Text-Mining Applications for Creation of Biofilm Literature Database

  1. Kanika Gupta,
  2. Ashok Kumar*

Authors Affiliation(s)

  • Centre for Systems Biology and Bioinformatics, South Campus, Sector-25, Panjab University, Chandigarh 160025, INDIA

Can J Biotech, Volume 1, Special Issue, Page 24, DOI: https://doi.org/10.24870/cjb.2017-a12

*Corresponding author: ashokbiotech@gmail.com, ashokkumar@pu.ac.in


The massive information hidden in the biomedical field, in the form of publications is growing exponentially therefore it is not possible for researchers and practitioners to keep themselves updated with all the developments in any specific field. Manual effort to transform unstructured text into structured is a laborious process. Automatic techniques for relation extraction provide a solution to the problem. Text Mining is one such technique defined as ‘‘the discovery by computer of new, previously unknown information, by automatically extracting and relating information from different written resources, to reveal otherwise ‘hidden’ meanings’’. The current study is focused on biofilm literature where biofilms are dense, highly hydrated cell clusters that are irreversibly attached to a substratum, to an interface or to each other, and are embedded in a self-produced gelatinous matrix composed of extracellular polymeric substances. Biofilm research has become a very important field, due to their high mechanical resilience and resistance to antibiotic treatment, they constitute a significant problem in both industry and health care.
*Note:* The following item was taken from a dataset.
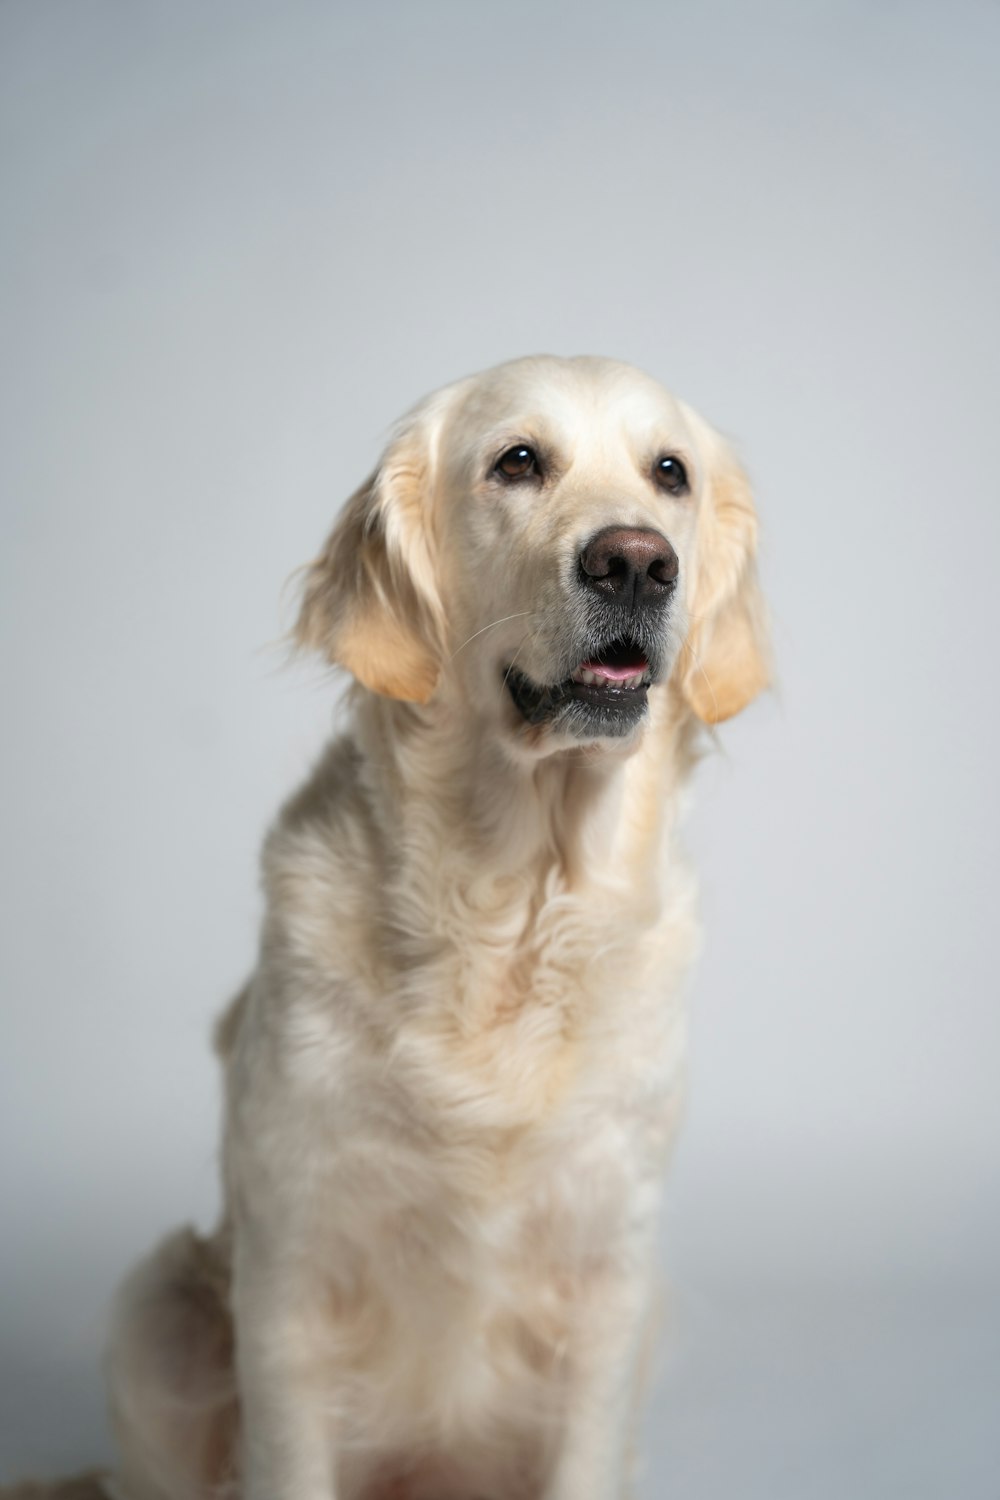  a close up of a dog on a white background

So in the present research published corpora of 34306 documents for biofilm was collected from PubMed database along with non-indexed resources like books, conferences, newspaper articles, etc. and these were divided into five categories i.e. classification, growth and development, physiology, drug effects and radiation effects. These five categories were further individually divided into three parts i.e. Journal Title, Abstract Title, and Abstract Text to make indexing highly specific. Text-processing was done using the software Rapid Miner_v5.3, which tokenizes the entire text into words and provides the frequency of each word within the document. The obtained words were normalized using Remove Stop and Stem Word command of Rapid Miner_v5.3 which removes the stopping and stemming words. The obtained words were stored in MS-Excel 2007 and were sorted in decreasing order of frequency using Sort & Filter command of MS-Excel 2007. The words are visualization through networks obtained by Cytoscape_v2.7.0. Now the words obtained were highly specific for biofilms, generating a controlled biofilm vocabulary and this vocabulary could be used for indexing articles for biofilm (similar to MeSH database which indexes articles for PubMed). The obtained keywords information was stored in the relational database which is locally hosted using the WAMP_v2.4 (Windows, Apache, MySQL, PHP) server. The available biofilm vocabulary will be significant for researchers studying biofilm literature, making their search easy and efficient.